■ **DATA SUPPLIED**
· · · · · · ·

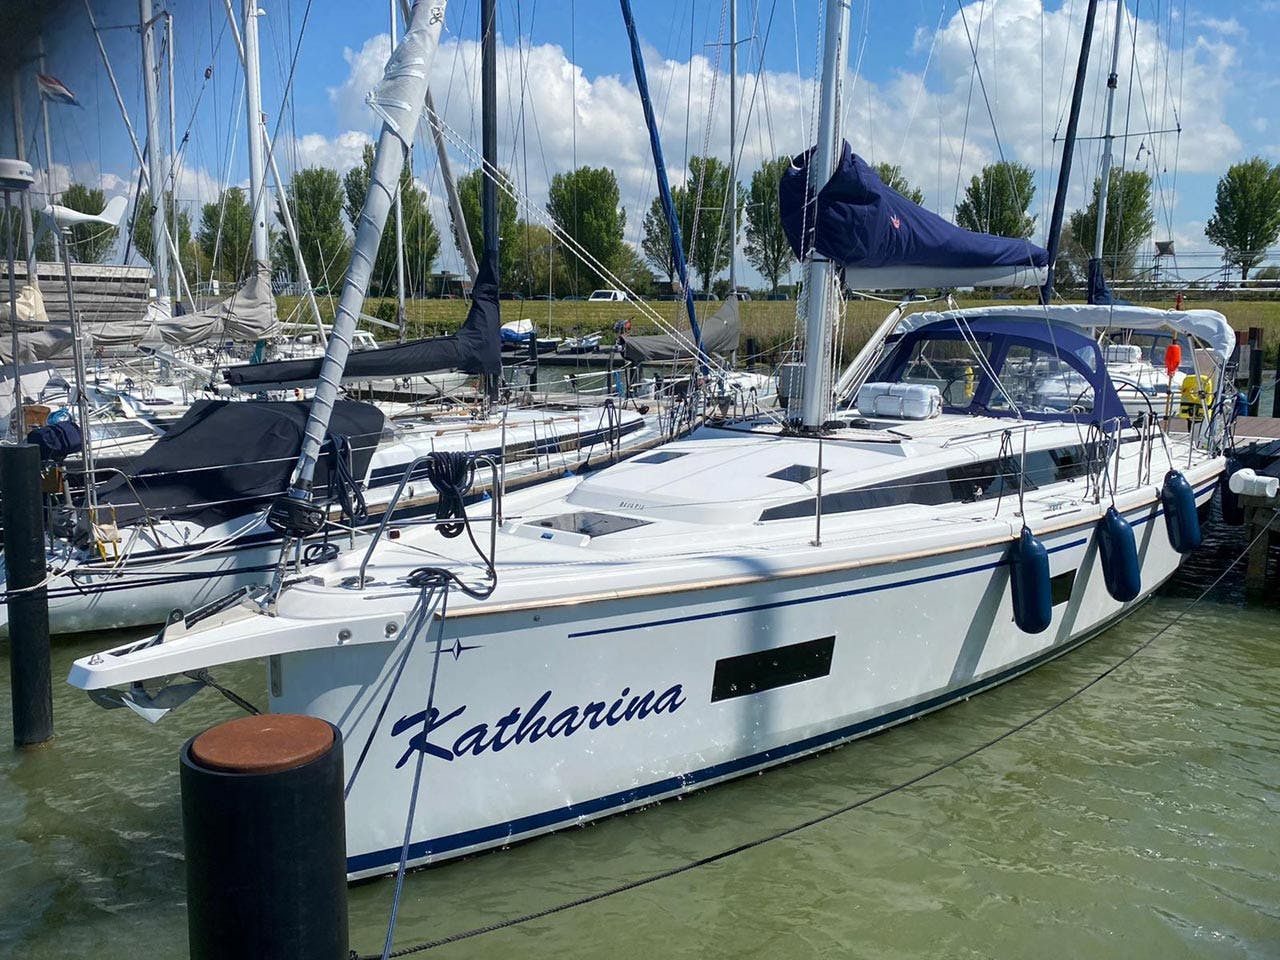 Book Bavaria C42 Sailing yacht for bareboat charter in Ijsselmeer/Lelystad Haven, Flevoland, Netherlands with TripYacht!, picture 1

· · · · · · ·

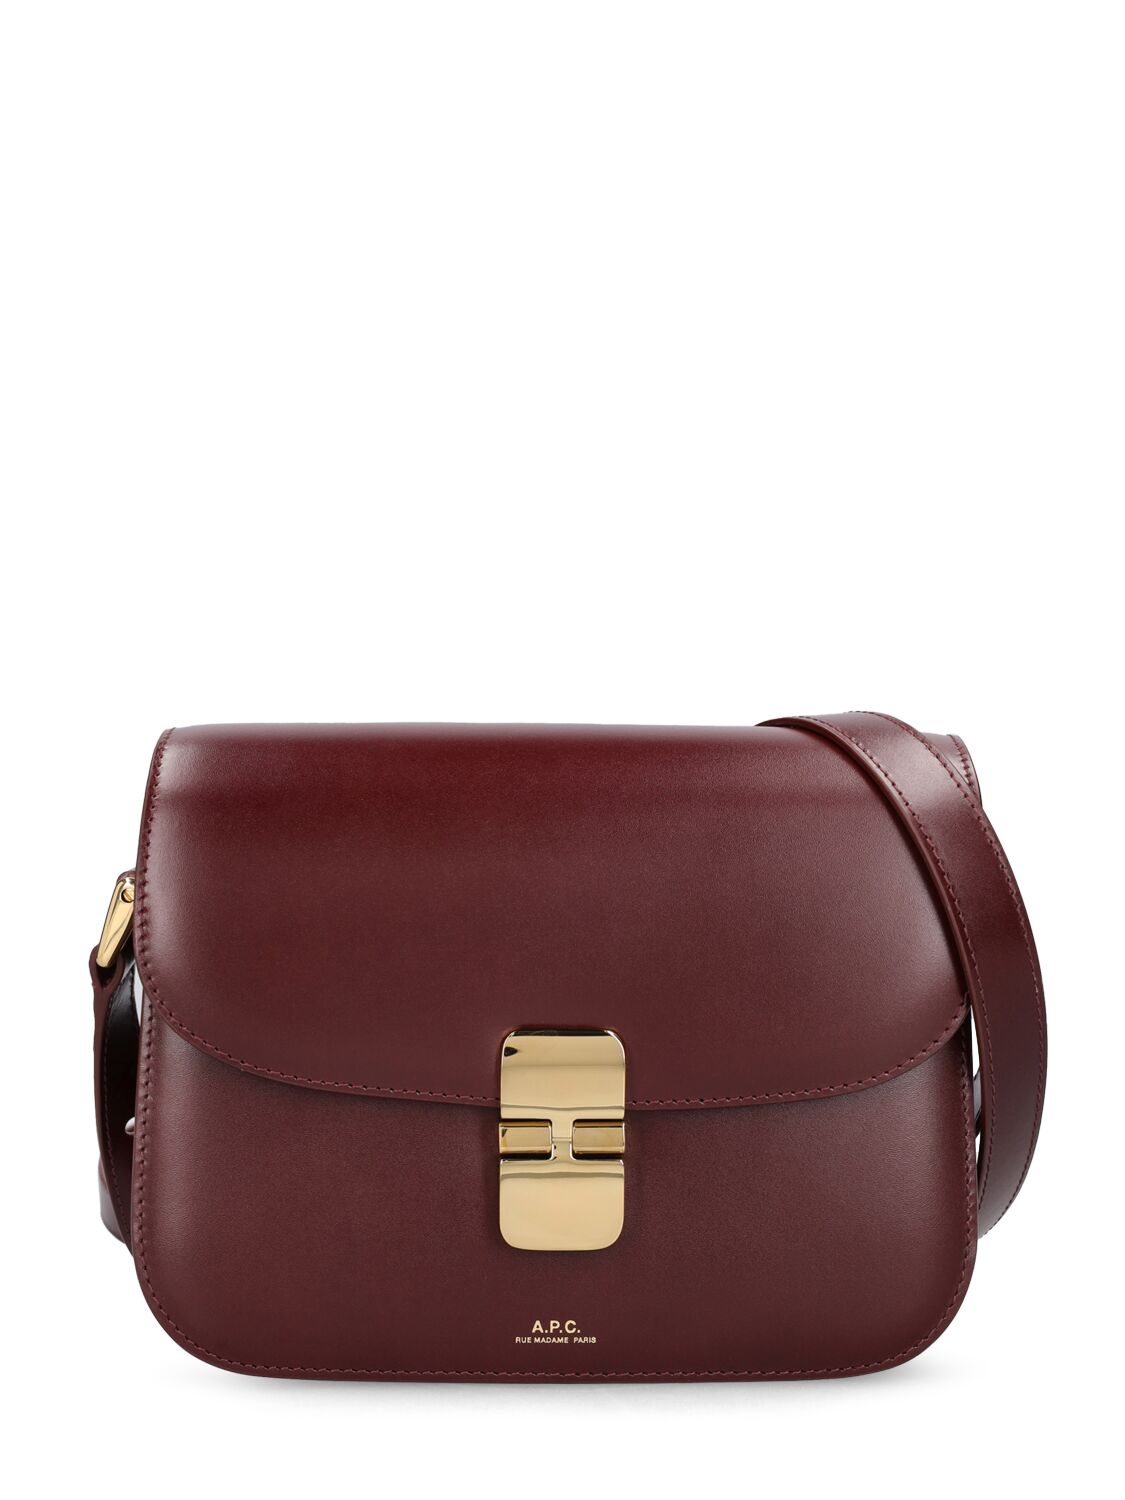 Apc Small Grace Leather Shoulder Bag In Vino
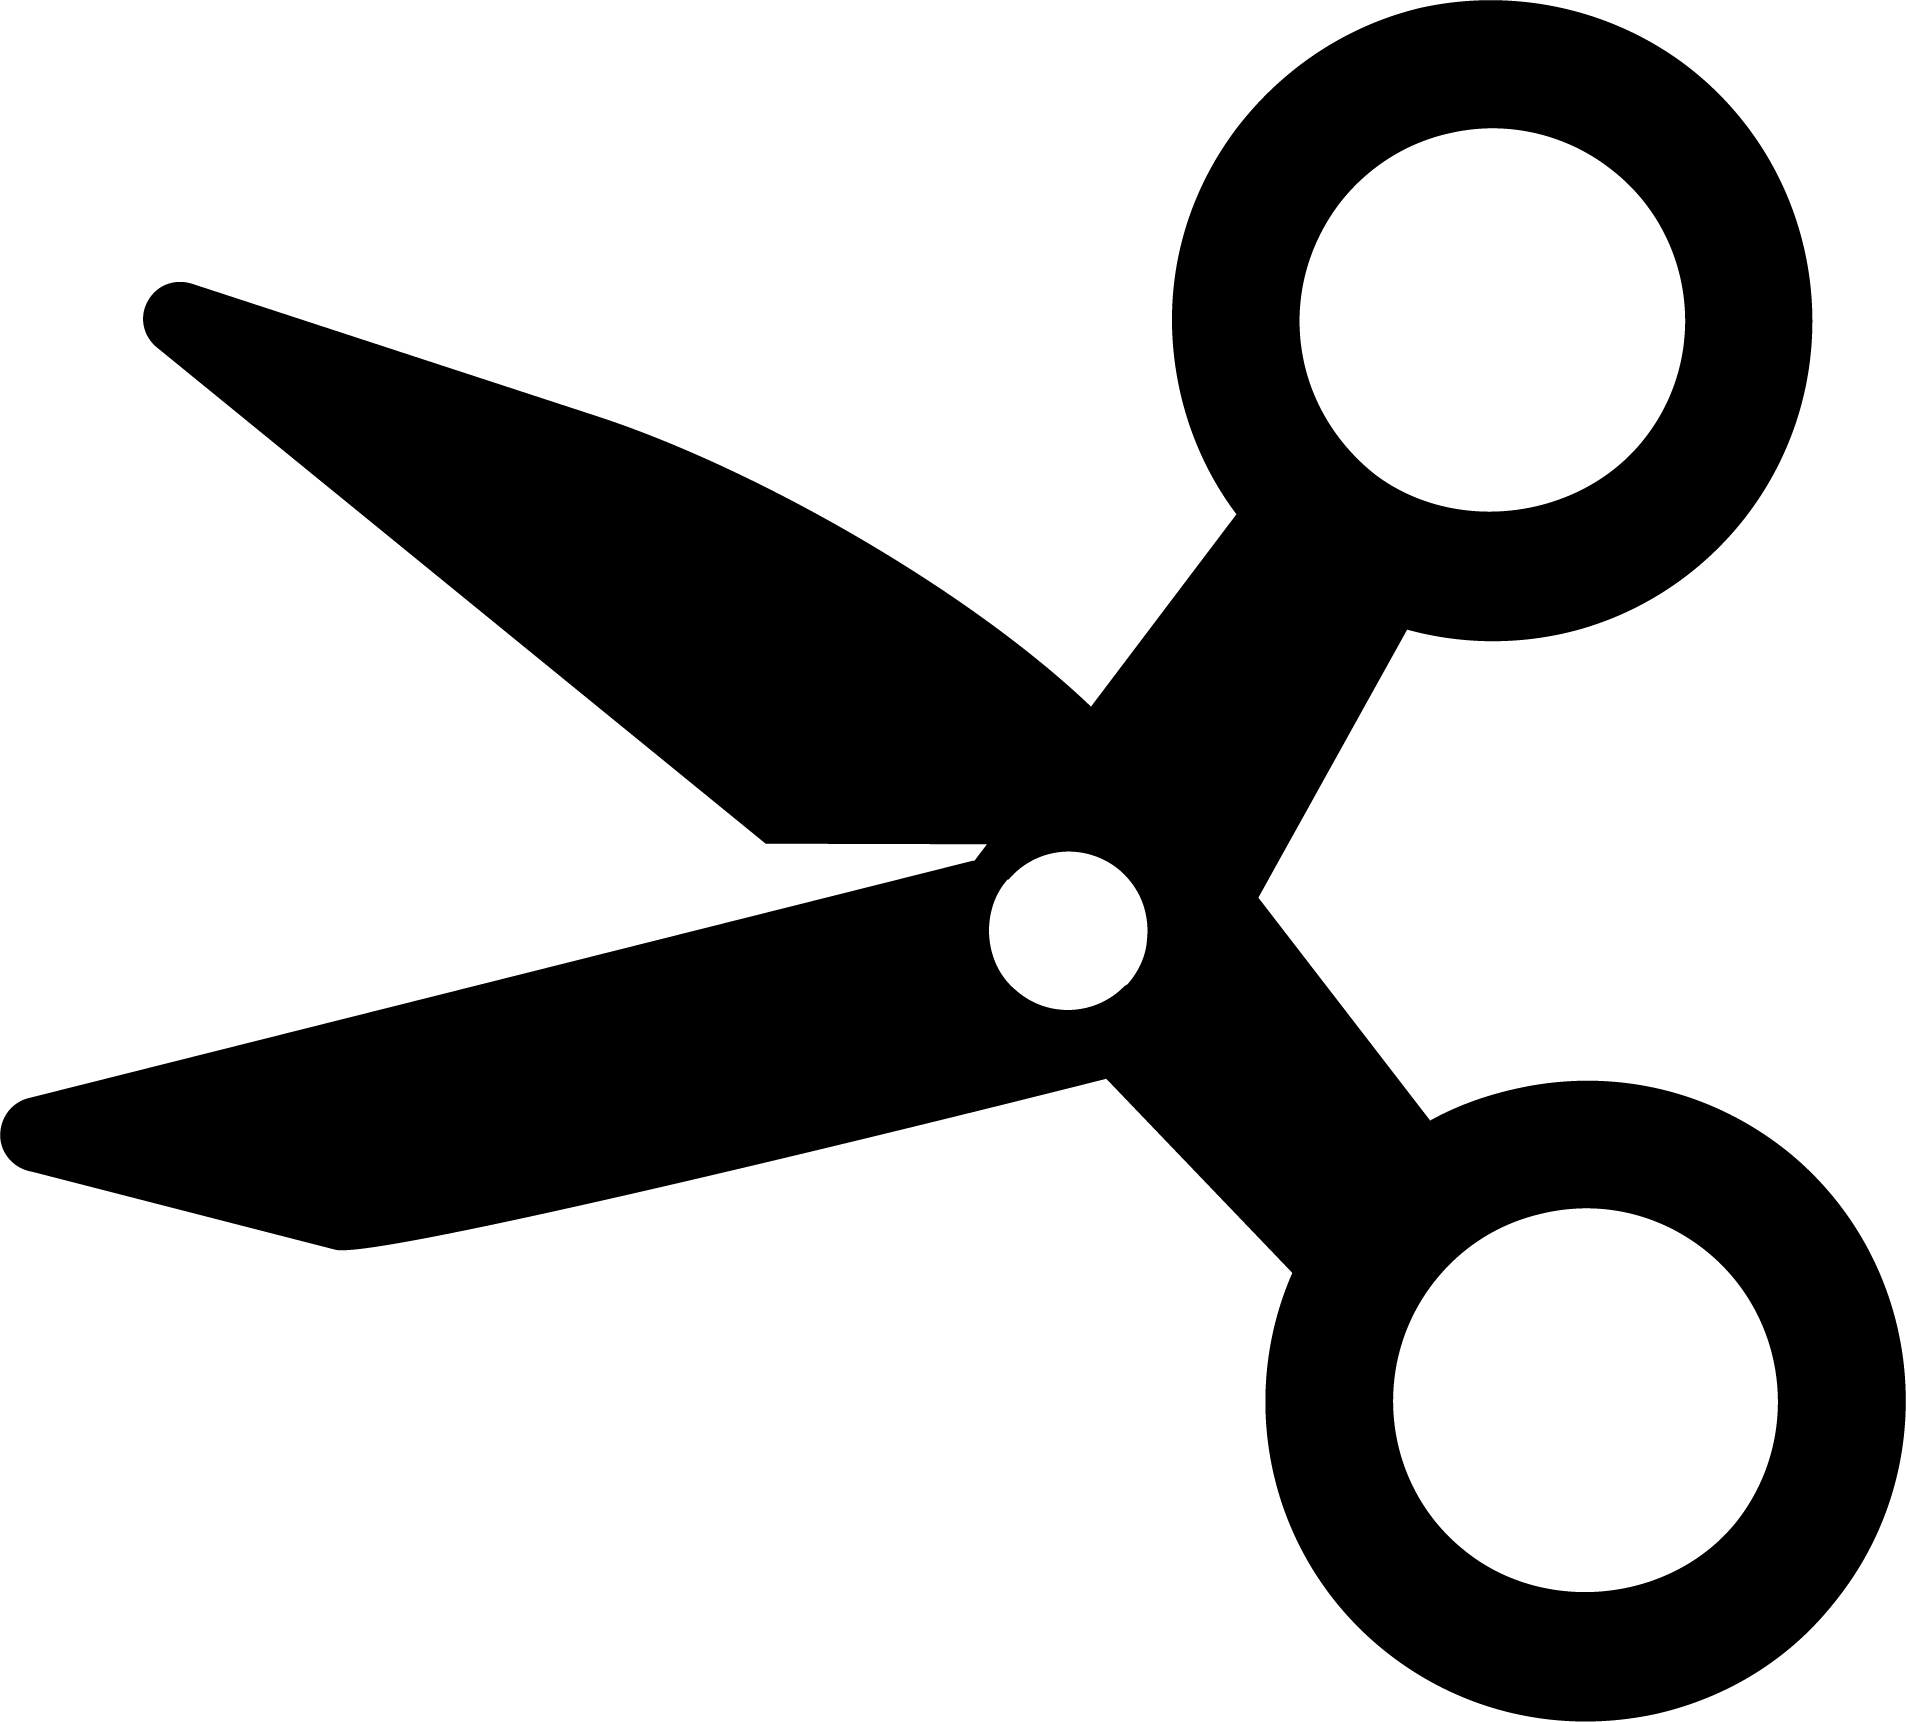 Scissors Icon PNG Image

· · · · · · ·

■ **ASSIGNMENT**
Of the records above, print only the lines from the one containing "Apc Small Grace Leather Shoulder Bag In Vino" through the one containing "Scissors Icon PNG Image", inclusive and unaltered, leaving out pictures.

■ **RESPONSE**
 Apc Small Grace Leather Shoulder Bag In Vino
 Scissors Icon PNG Image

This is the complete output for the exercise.